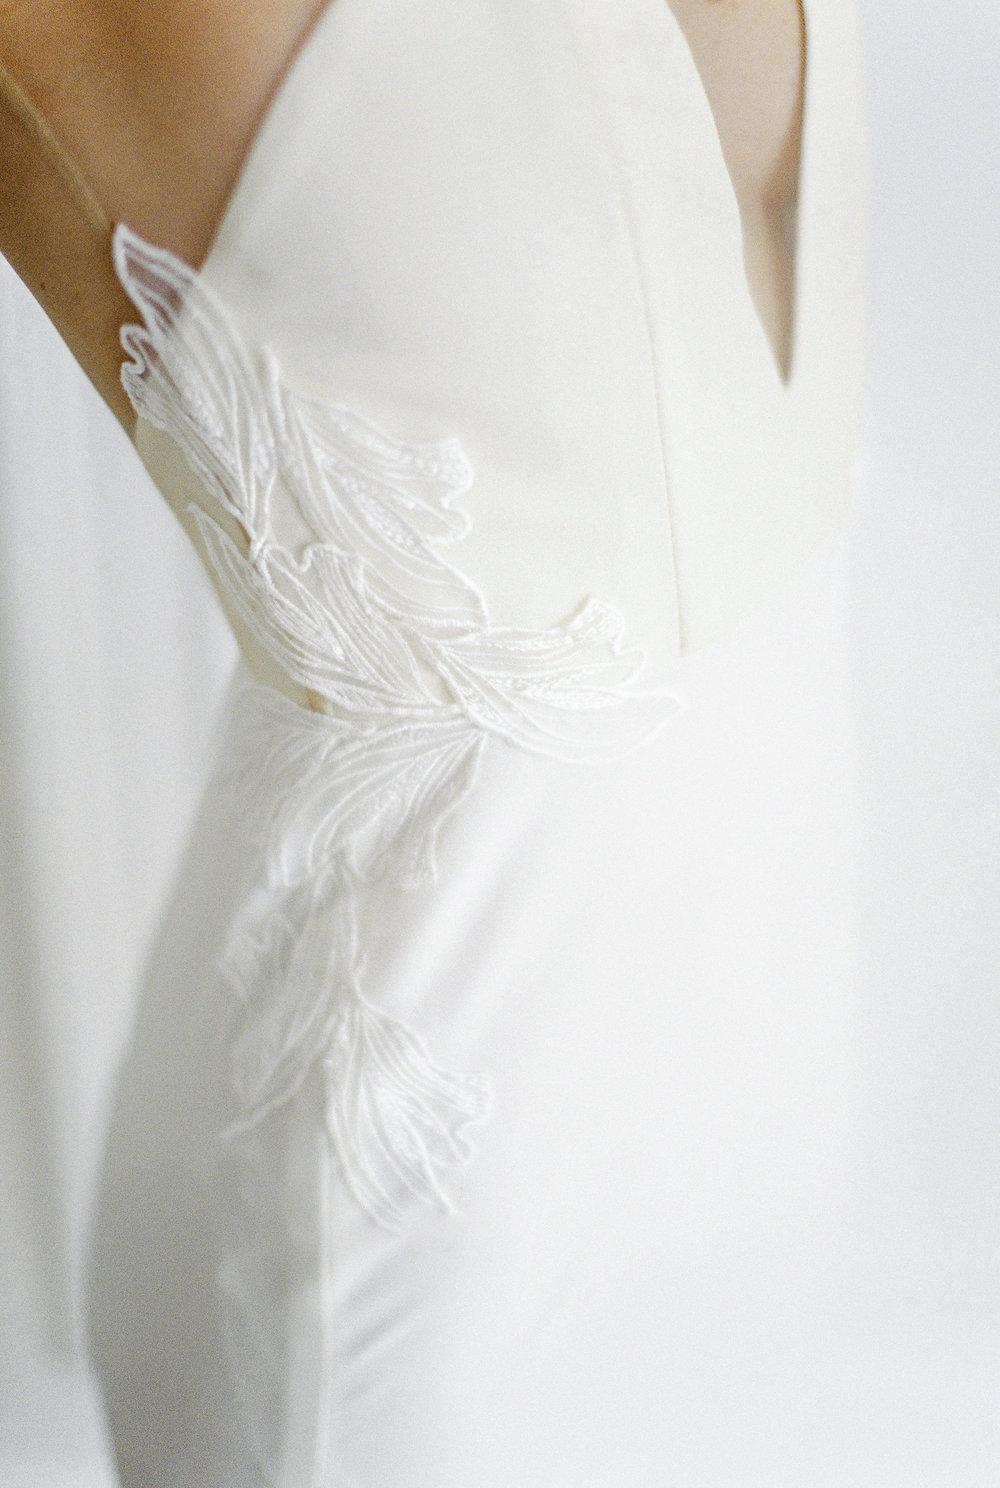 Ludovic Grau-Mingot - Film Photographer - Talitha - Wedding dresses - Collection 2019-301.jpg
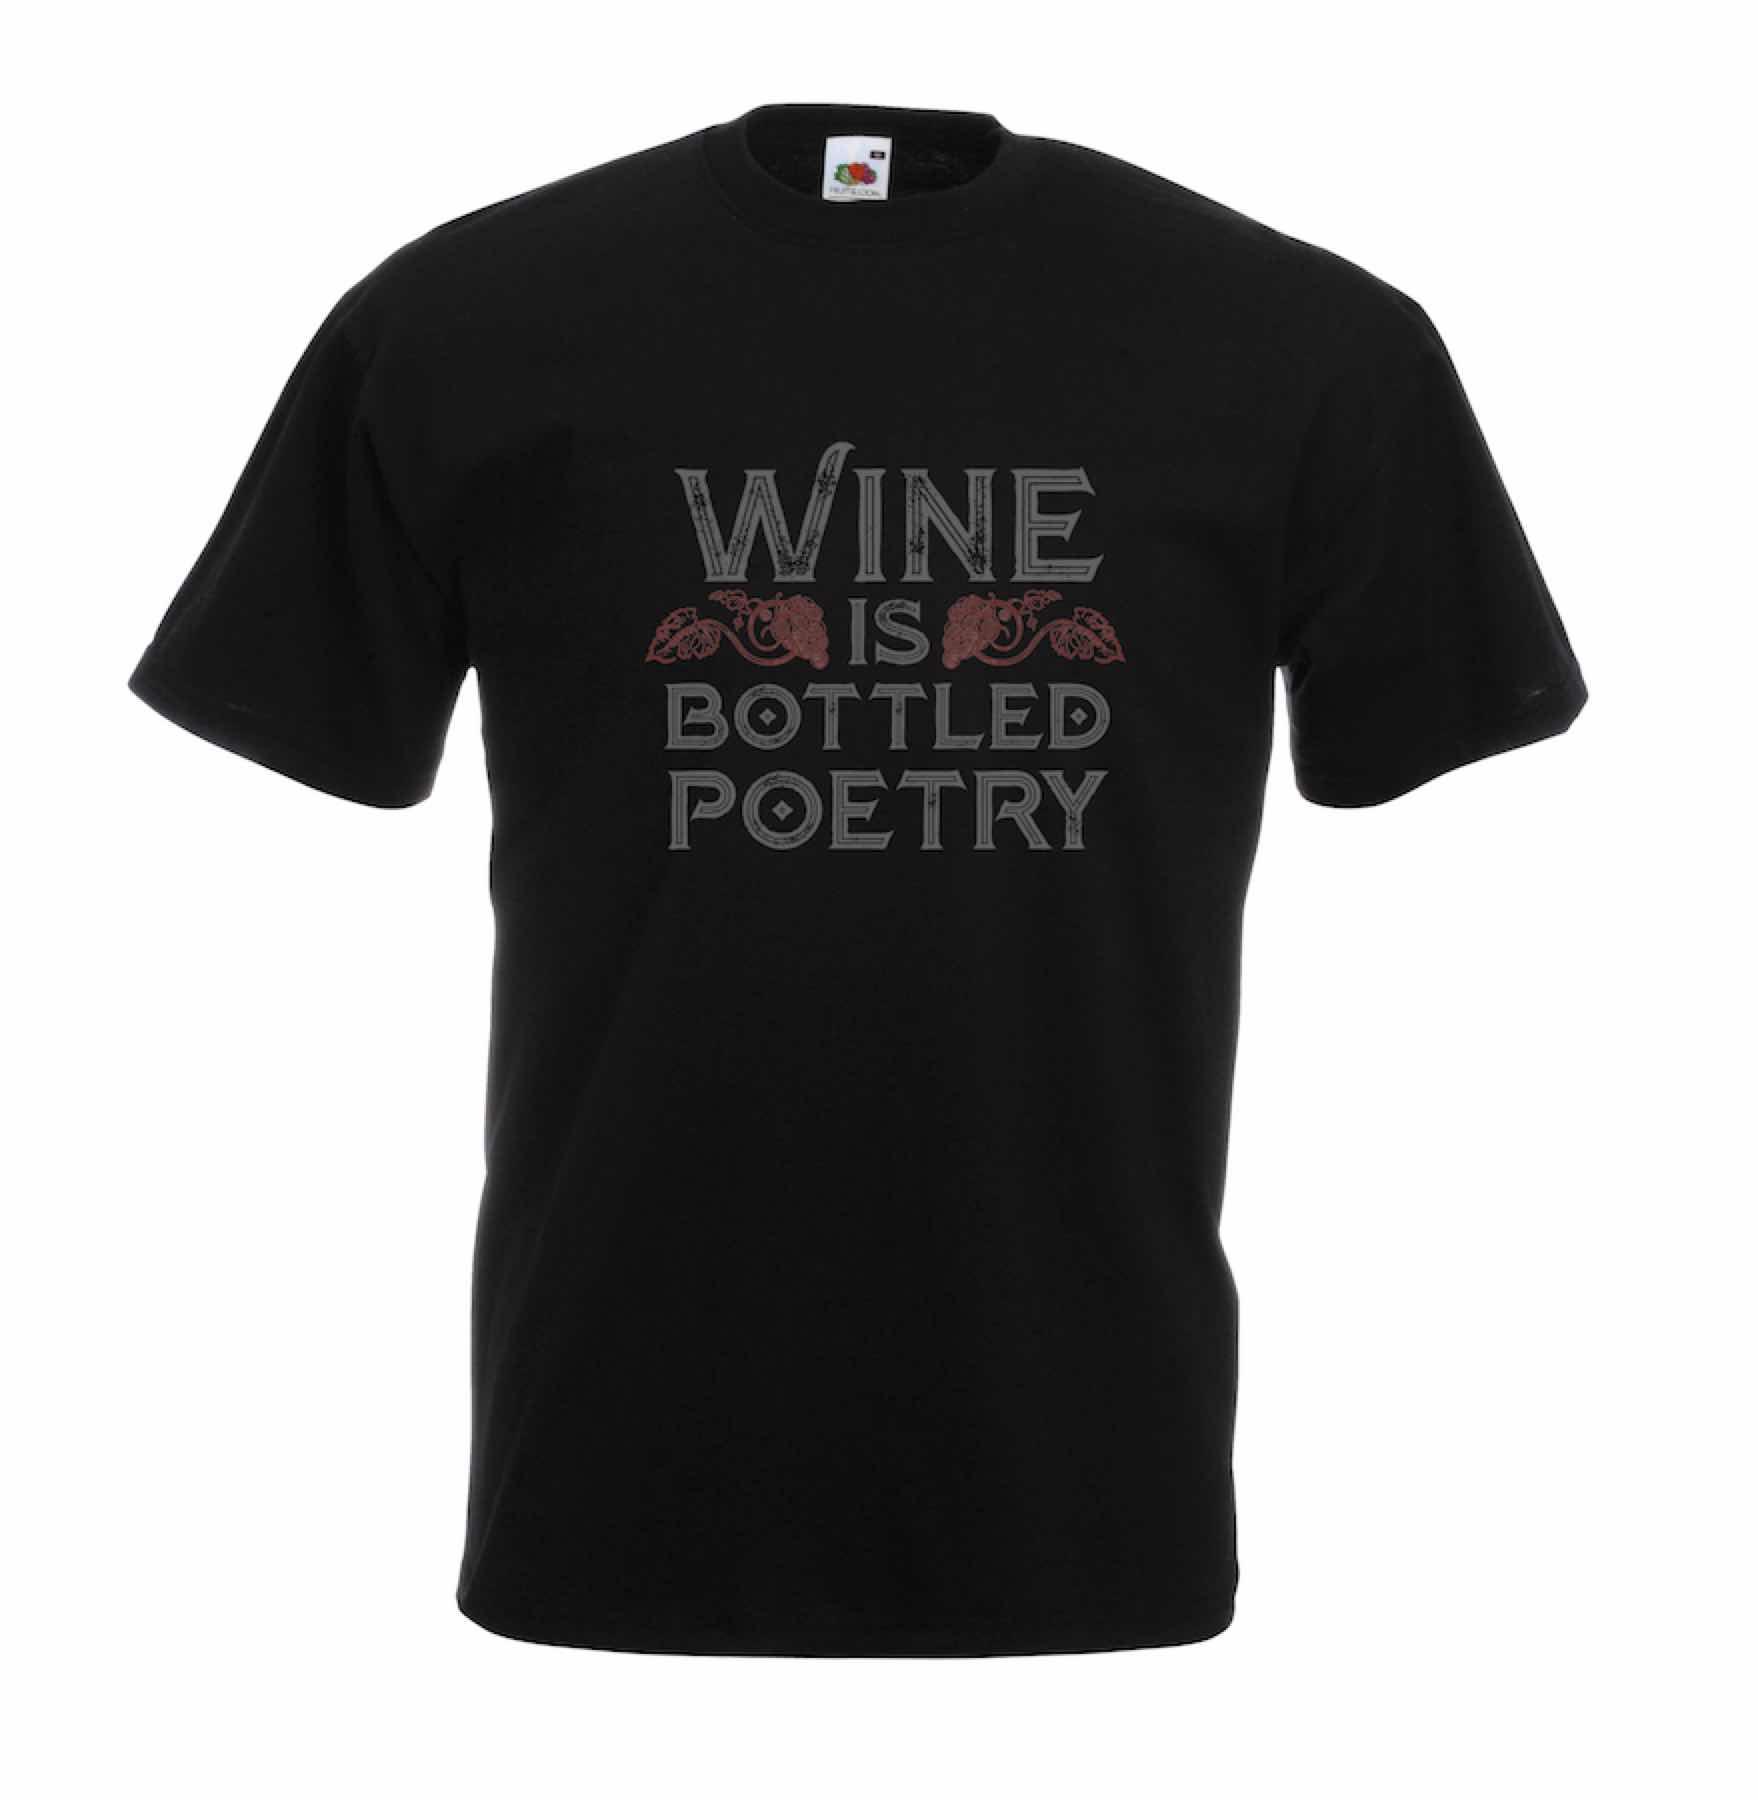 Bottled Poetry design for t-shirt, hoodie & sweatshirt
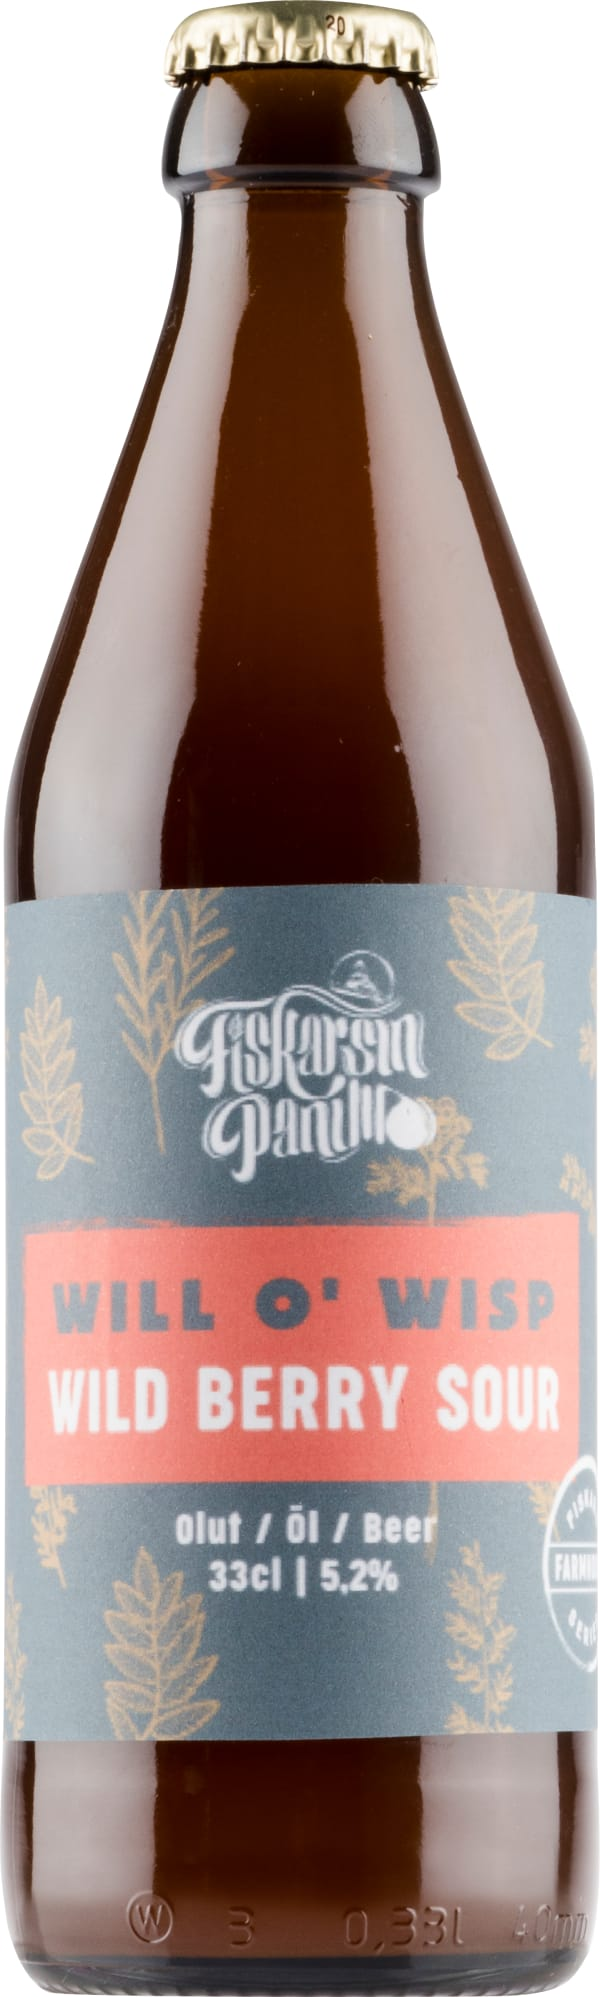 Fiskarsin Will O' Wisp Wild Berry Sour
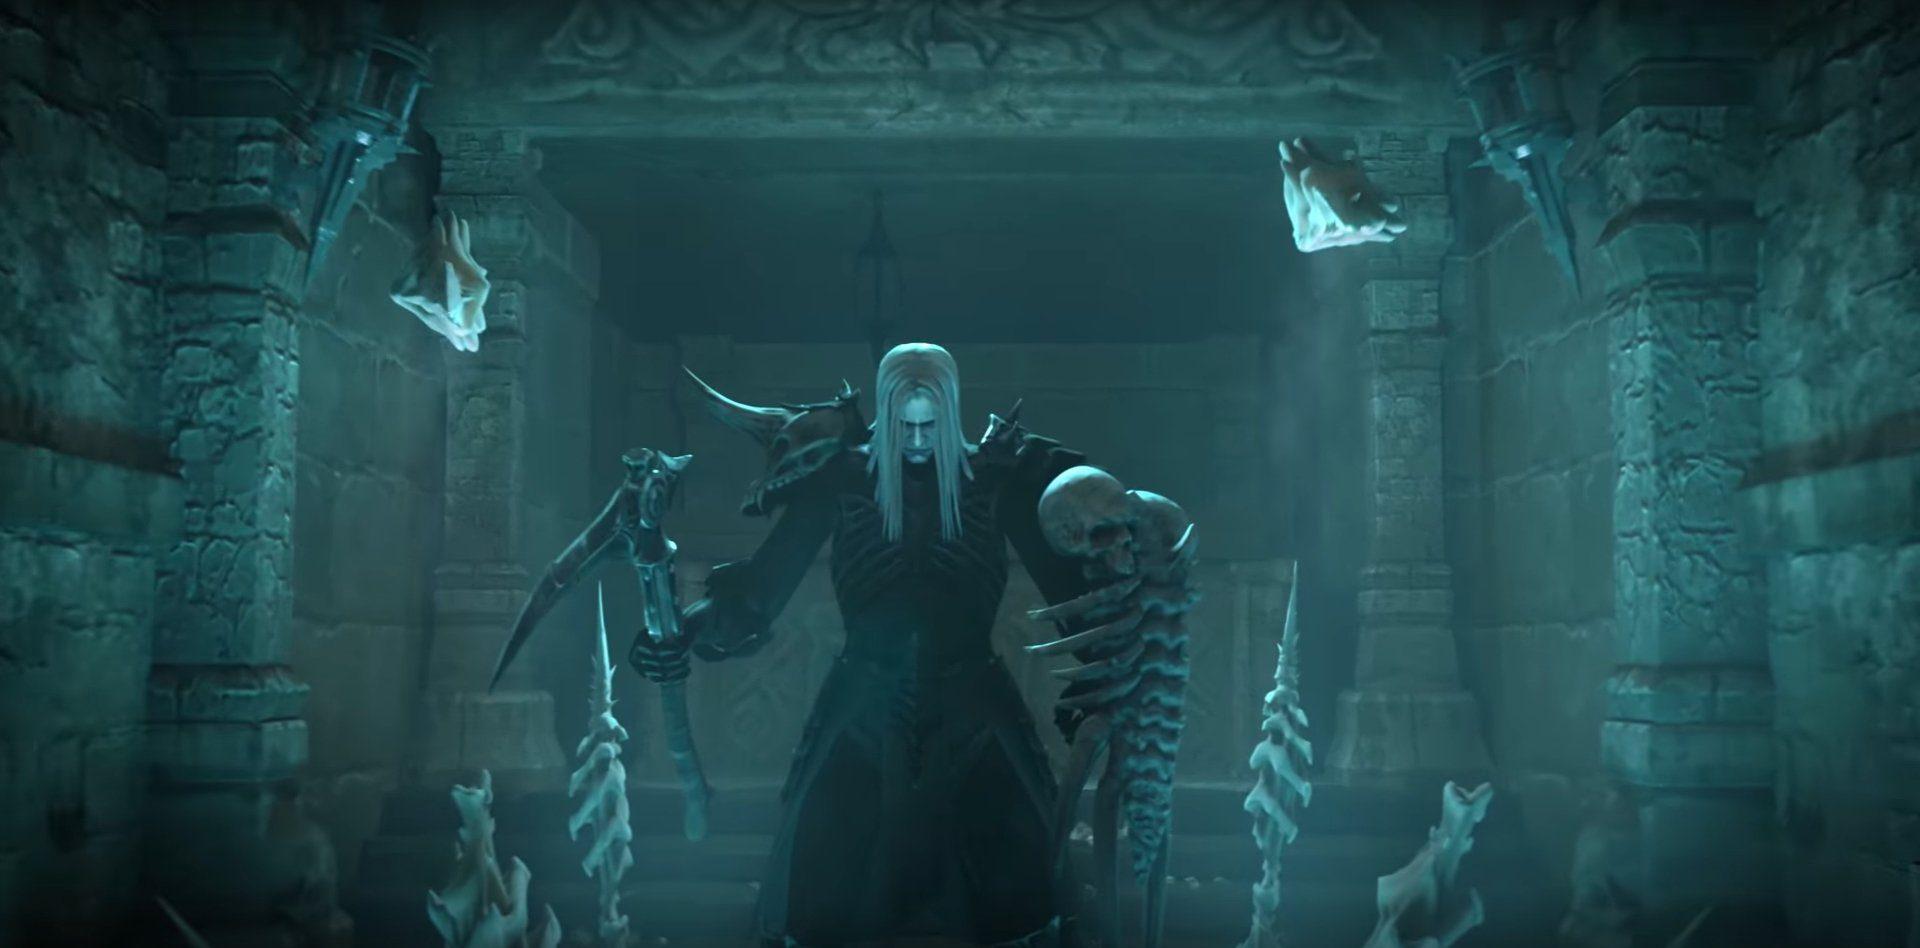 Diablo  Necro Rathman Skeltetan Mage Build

=-=-=

▸ **Task instructions**: Copy the listing above exactly, minus the pictures.

▸ **Result of the exercise**:
 Ludovic Grau-Mingot - Film Photographer - Talitha - Wedding dresses - Collection 2019-301.jpg
 Bottled Poetry design for t-shirt, hoodie & sweatshirt
 Fiskarsin Will O' Wisp Wild Berry Sour
 Diablo  Necro Rathman Skeltetan Mage Build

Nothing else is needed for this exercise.